Алиса не знала, что делать: ее супруг пребывал во власти черной меланхолии, конца которой не предвиделось. «Что ни день, то продырявленный холст», — жаловалась она
[192]. Одна американская газета с явным скепсисом рассказывала, что за один только майский день 1908 года Моне якобы испортил полотен на сто тысяч долларов, и задавала вопрос (недвусмысленный): художник он или сумасшедший?
[193] Он стал отказываться от обеда — плохой признак для такого гурмана — и целыми днями не выходил из спальни.
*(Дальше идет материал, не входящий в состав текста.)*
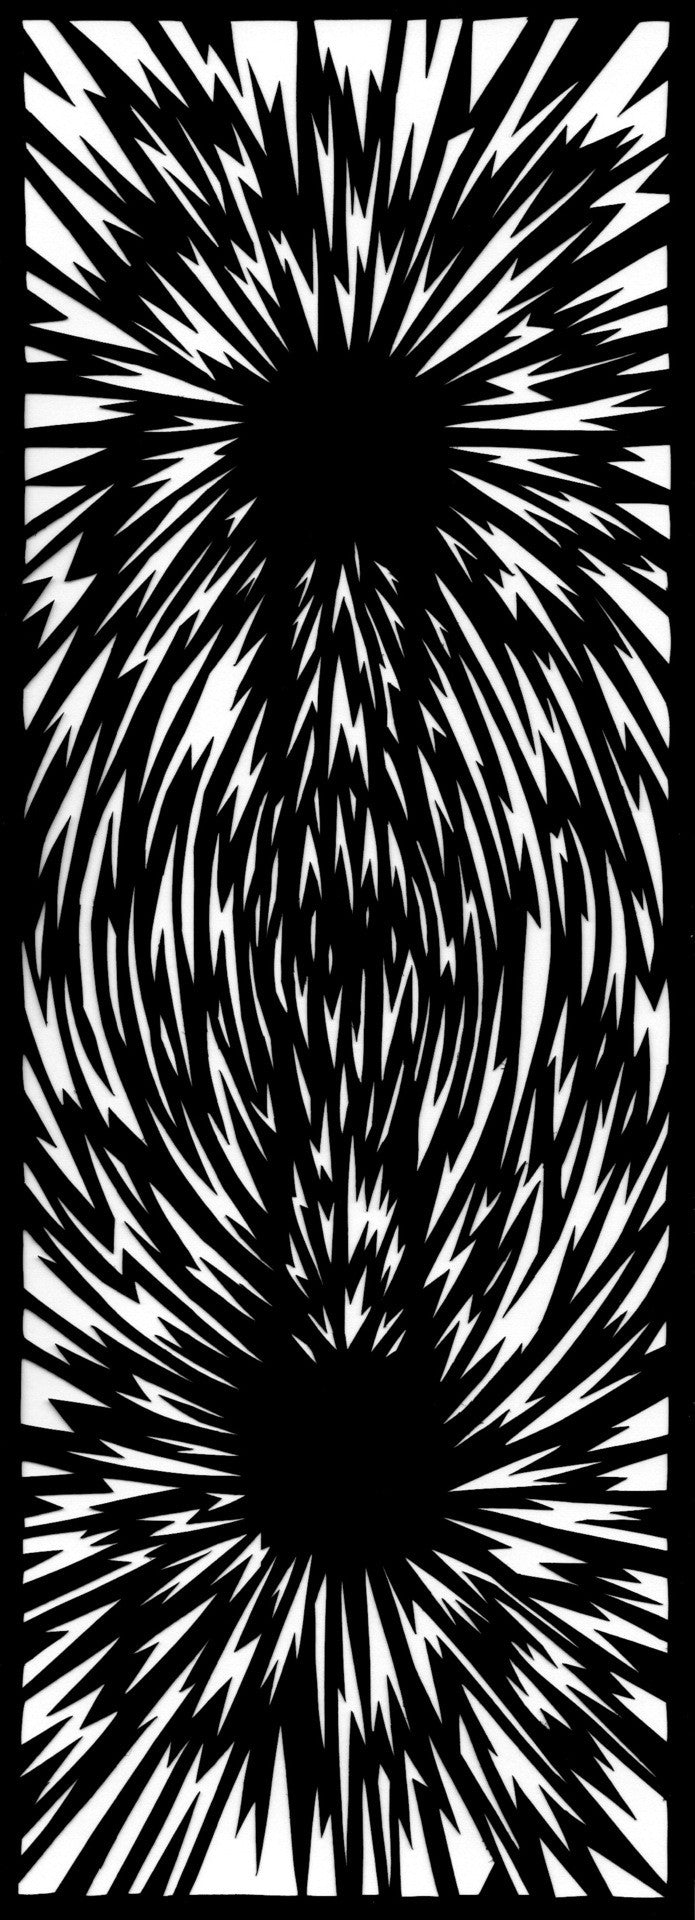 Magnetic Field (unframed print)

Его мучили головные боли, головокружение, темнело в глазах. Близкие, как всегда, были рядом и утешали. Мирбо мягко пожурил его за отмену выставки, заметив, что такое поведение кажется «безрассудным и нездоровым» для, «несомненно, лучшего и мощного живописца своего времени»
[194]. Похвалы приободрили Моне, он вернулся к мольберту. «Эти пейзажи с видами пруда и отражения неотступно меня преследуют», — писал он Жеффруа летом 1908 года
[195].
В 1909 году, на два года позже, чем предполагалось, Моне выставил все сорок восемь холстов с водяными лилиями. К тому времени о мучительных борениях художника было уже широко известно. Автор материала в «Голуа» отмечал, что работы показали публике лишь после того, как художник долго «сомневался, переживал и скромничал», а другой критик, Арсен Александр, сообщал читателям, что Моне стал жертвой переутомления и «неврастении»
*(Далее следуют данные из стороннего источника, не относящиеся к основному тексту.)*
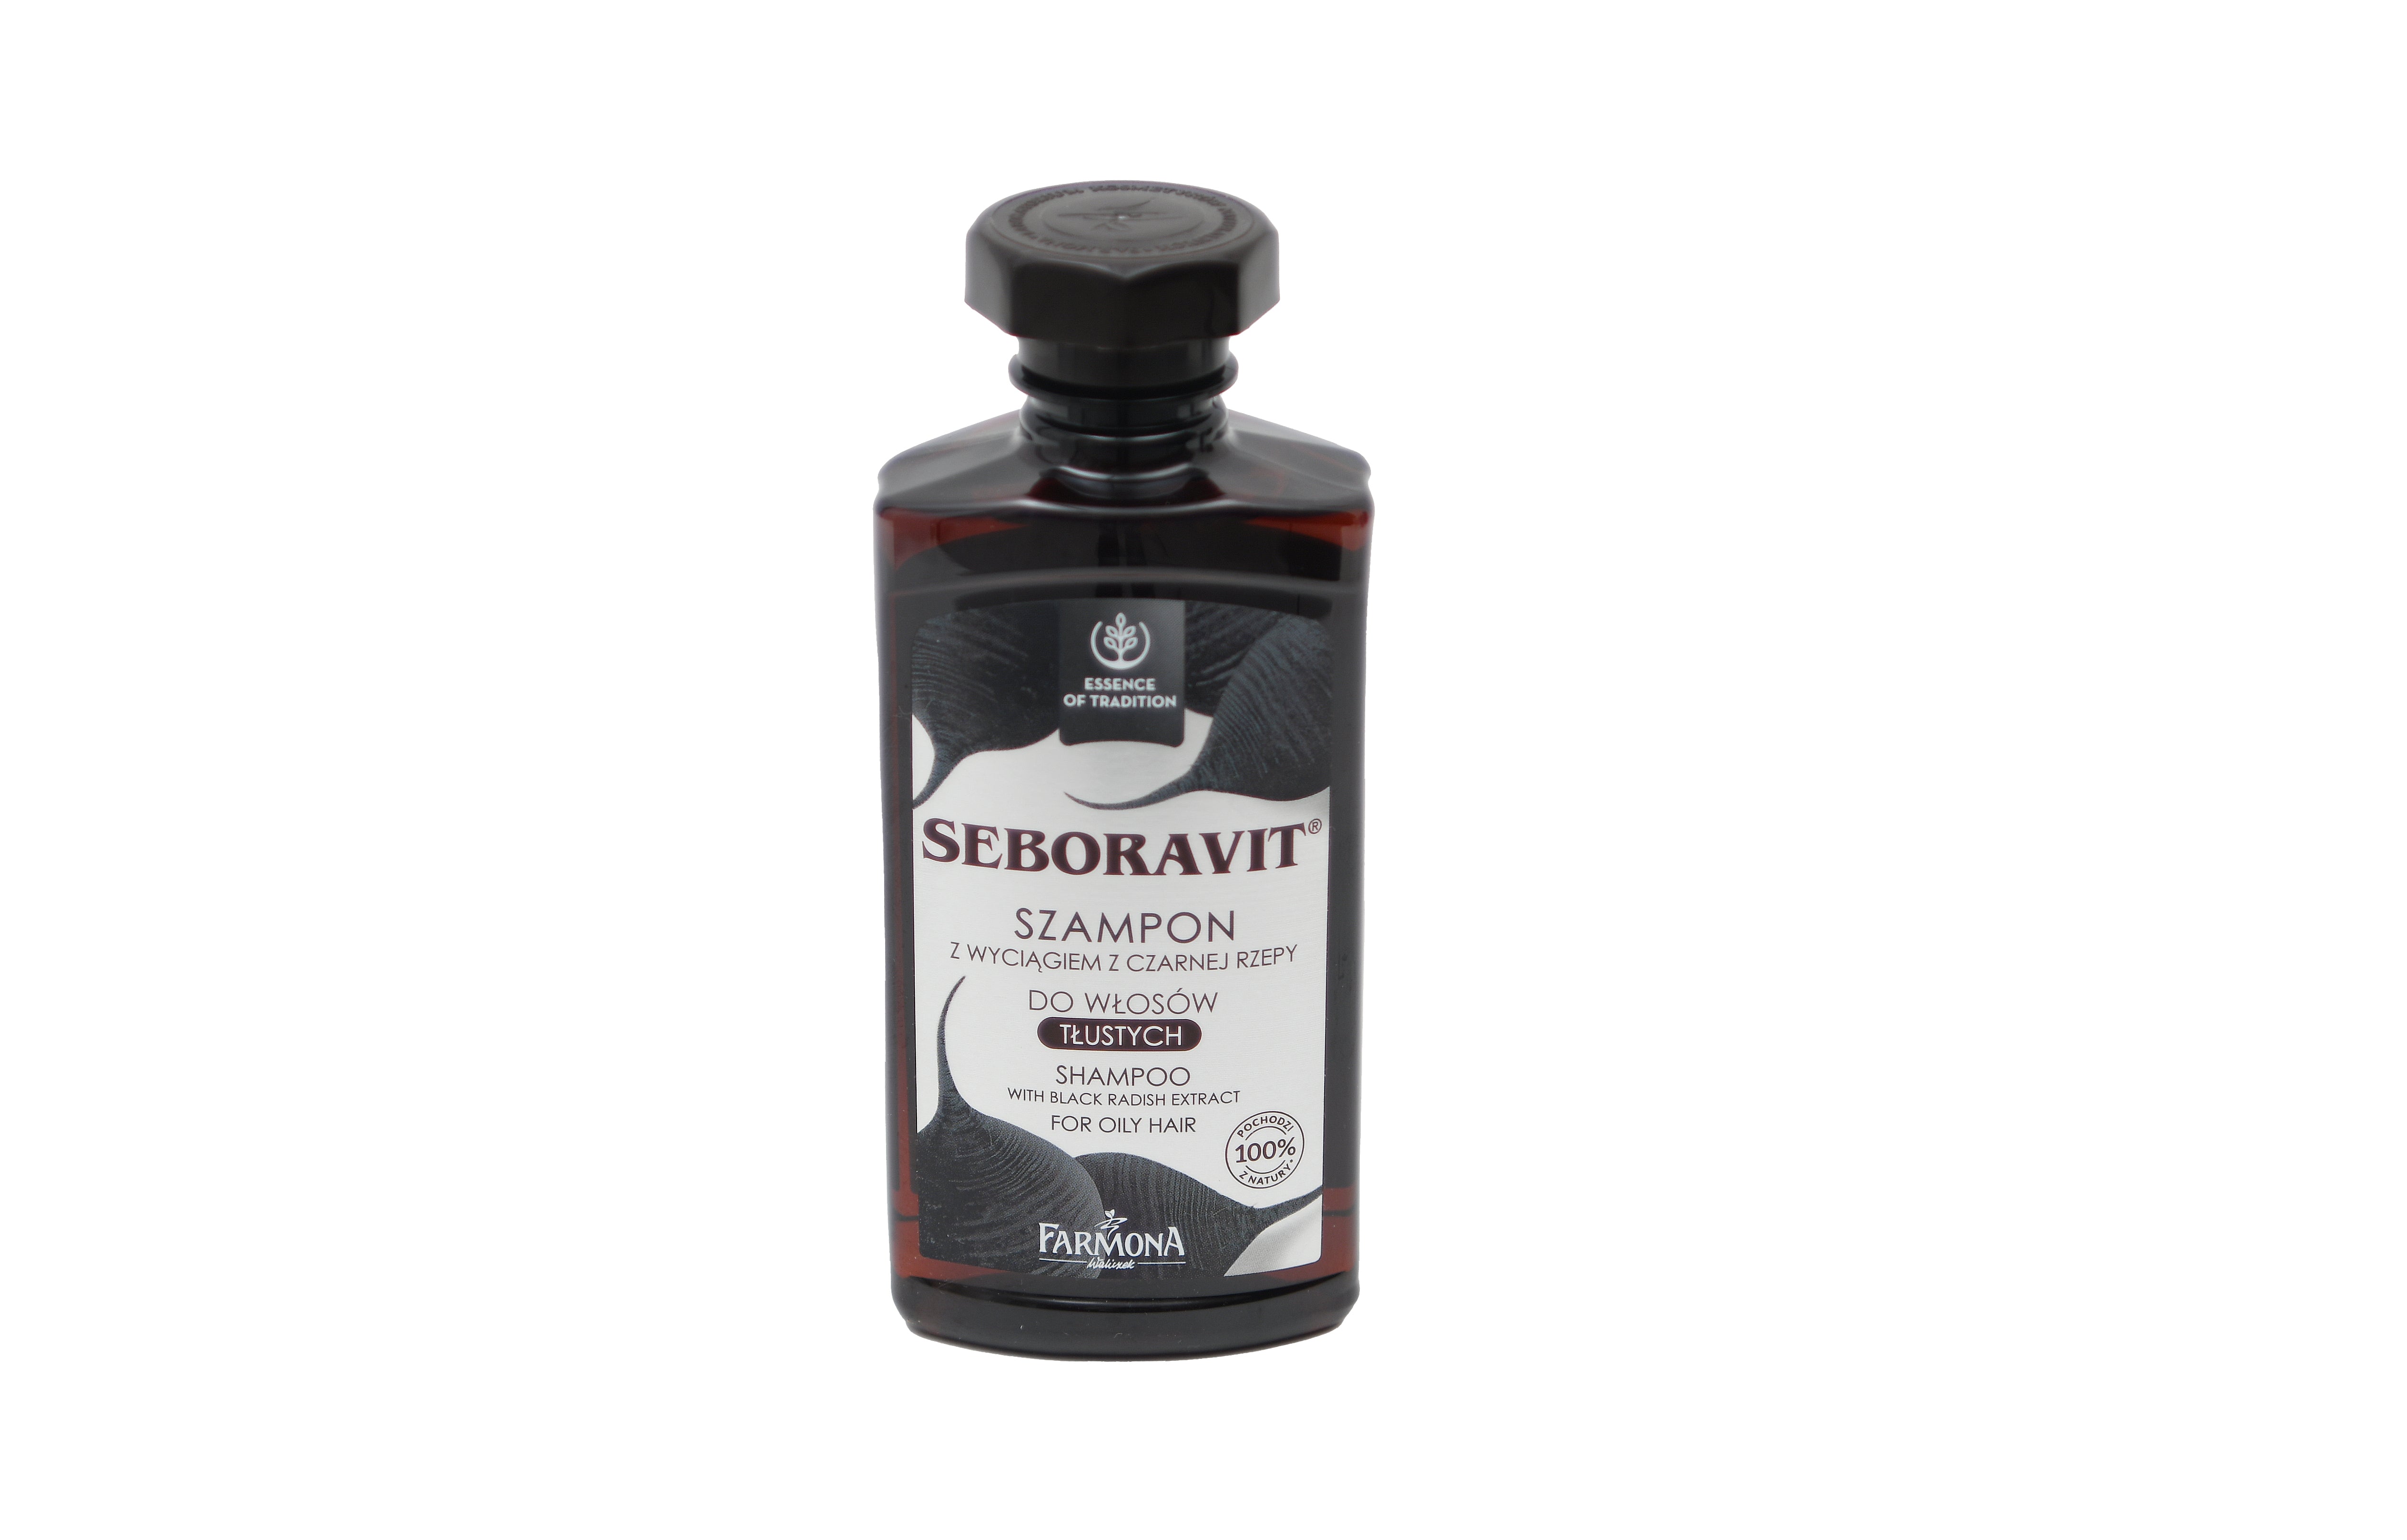 Seboravit Shampoo with Natural Black Radish Extract 330ml

[196]. Чаще всего неврастению приписывали женщинам, иудеям, слабовольным мужчинам, гомосексуалистам и моральным извращенцам
[197]. Многих повергло в изумление известие о том, что у Моне, этого крепкого и бодрого «вернонского крестьянина», исполина в деревянных сабо, нервное расстройство.
В эмоциональном истощении Моне следовало винить не только ветры, сдувавшие его холсты, или дожди, заливавшие и прибивавшие к земле растения в его дивном саду. И дело было не только в том, что он подолгу, день за днем, сидел на одном месте, пристально всматриваясь в один и тот же вид, — хотя специалисты соглашались тогда, что подобное занятие, требующее почти полной неподвижности, может привести к неврастении, и в таком случае допустимо предположить, что в 1892 году в Руане художника не случайно преследовали ночные кошмары, в которых знаменитый собор обрушивался ему на голову. Прежде всего эти «муки творчества» объяснялись стремлением создать нечто совершенно новое и оригинальное, по-настоящему революционное. Сам он излагал свою задачу, как всегда, лаконично: «Главное здесь — зеркальная поверхность воды, которая постоянно меняется, отражая небо»
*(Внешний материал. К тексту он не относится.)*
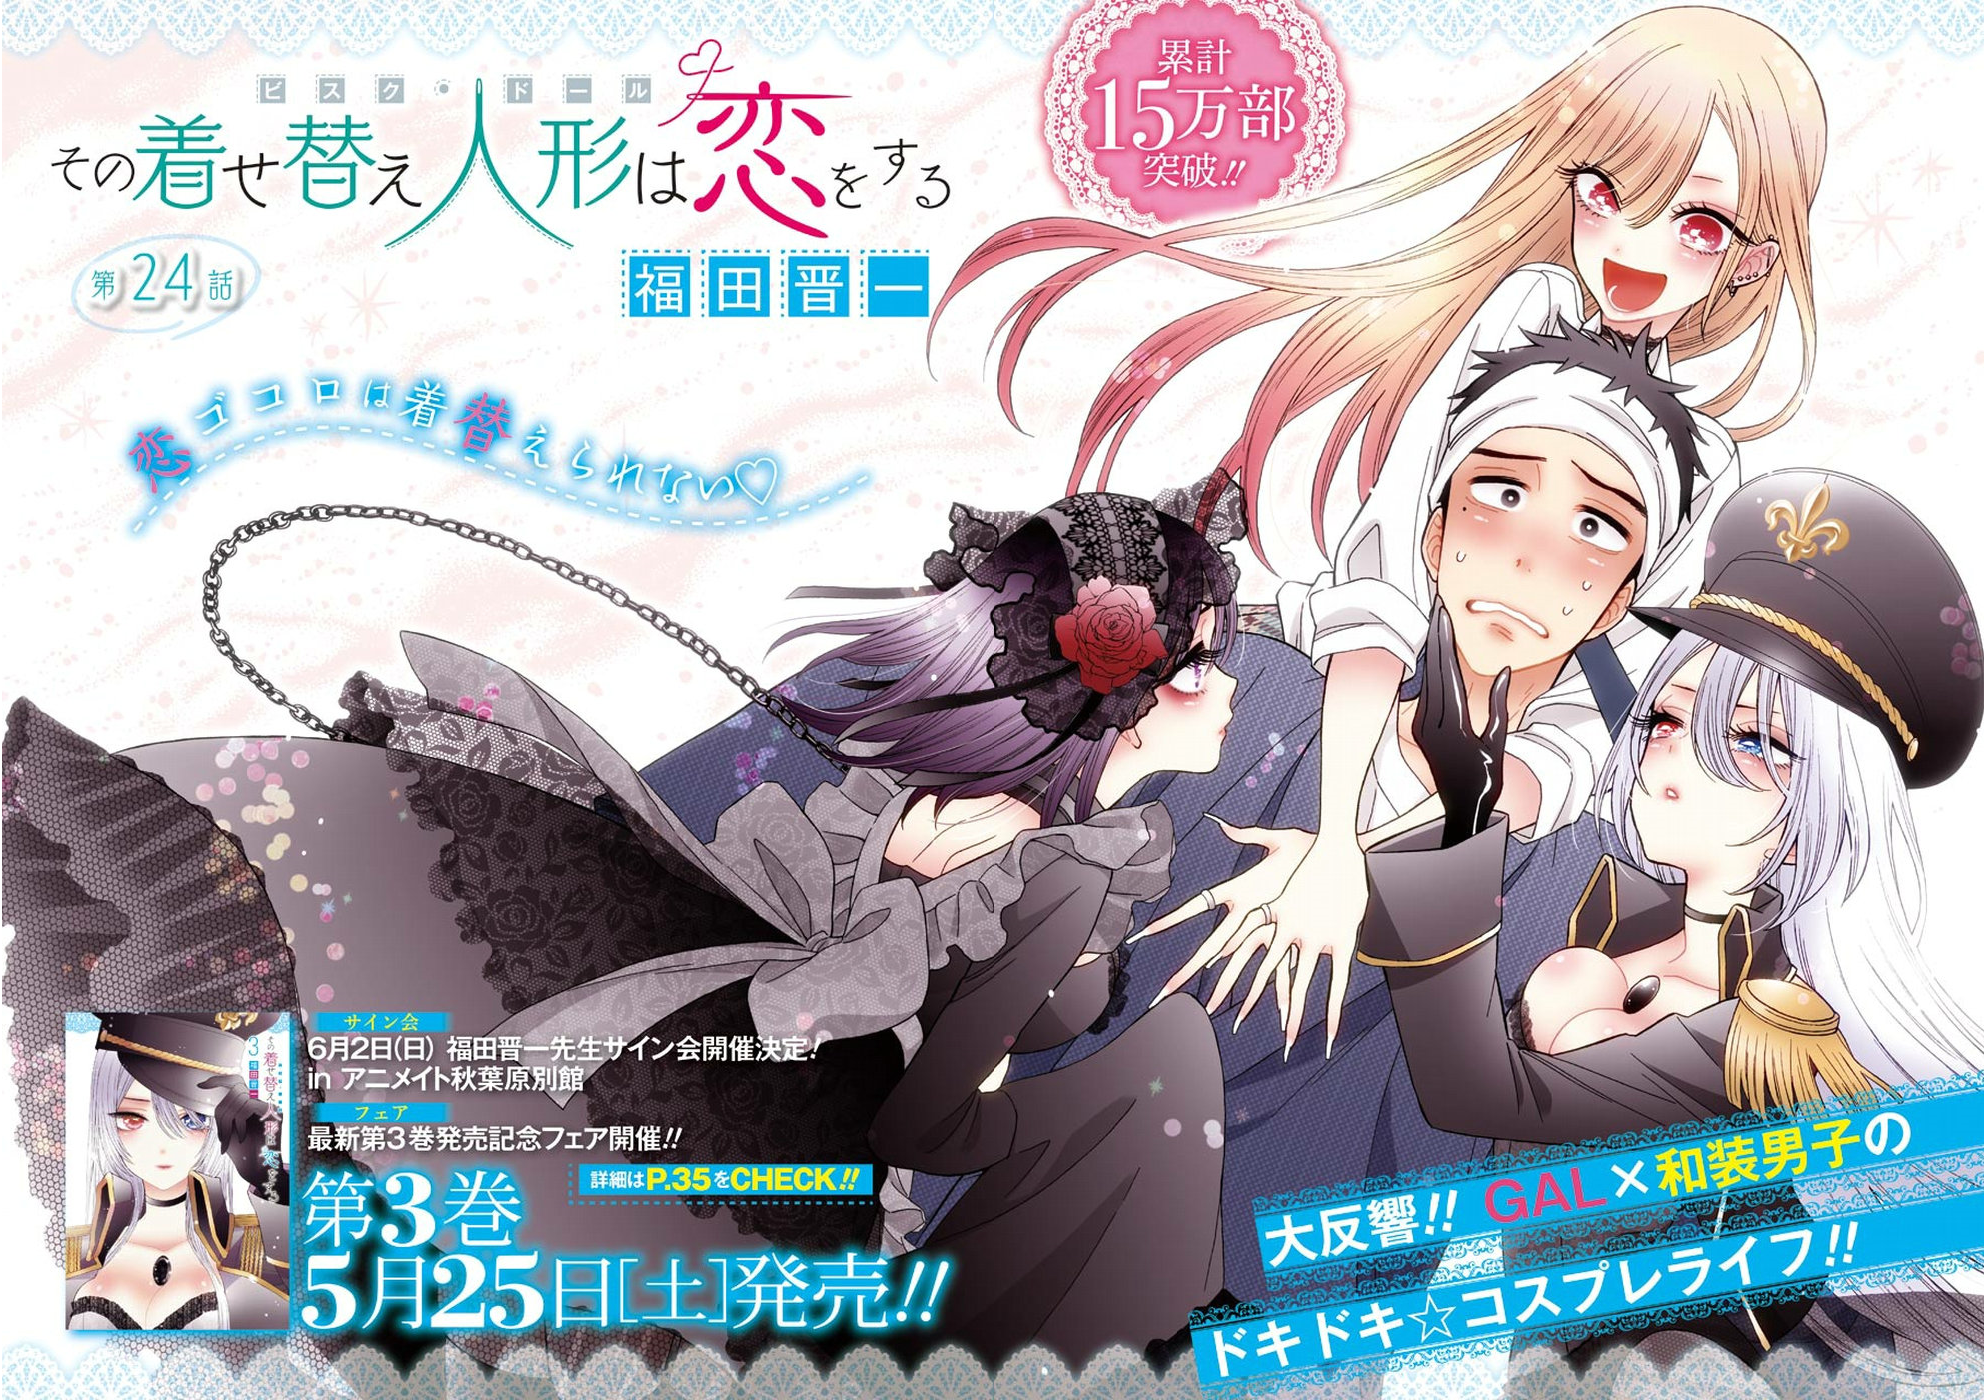 Manga Mogura RE on X: Cosplay romance manga series Sono Bisque Doll wa  koi o suru(My Dress-Up Darling) by Shinichi Fukuda will get a TV anime  adaption English release @SquareEnixBooks French release @

[198]. Вода на его полотнах действительно изменчива и становится то светло-зеленой или тускло-лиловой, то оранжево-розовой или огненно-красной. Но способ, каким Моне раскрывал мотив воды и неба, говорит об изменении художественного ви́дения — именно эти дерзкие опыты, как утверждал Жеффруа, привели его на грань саморазрушения.
Моне единственный вздумал показать неподвижную, зеркальную поверхность воды крупным планом. Обычно куда больше живописцев интересовали разнообразные «сопутствующие» эффекты: мерцание лунного света на ряби реки, тяжелые волны, бьющиеся о берег. Моне сам считался признанным мастером подобных пейзажей: Эдуард Мане как-то назвал его «Рафаэлем вод»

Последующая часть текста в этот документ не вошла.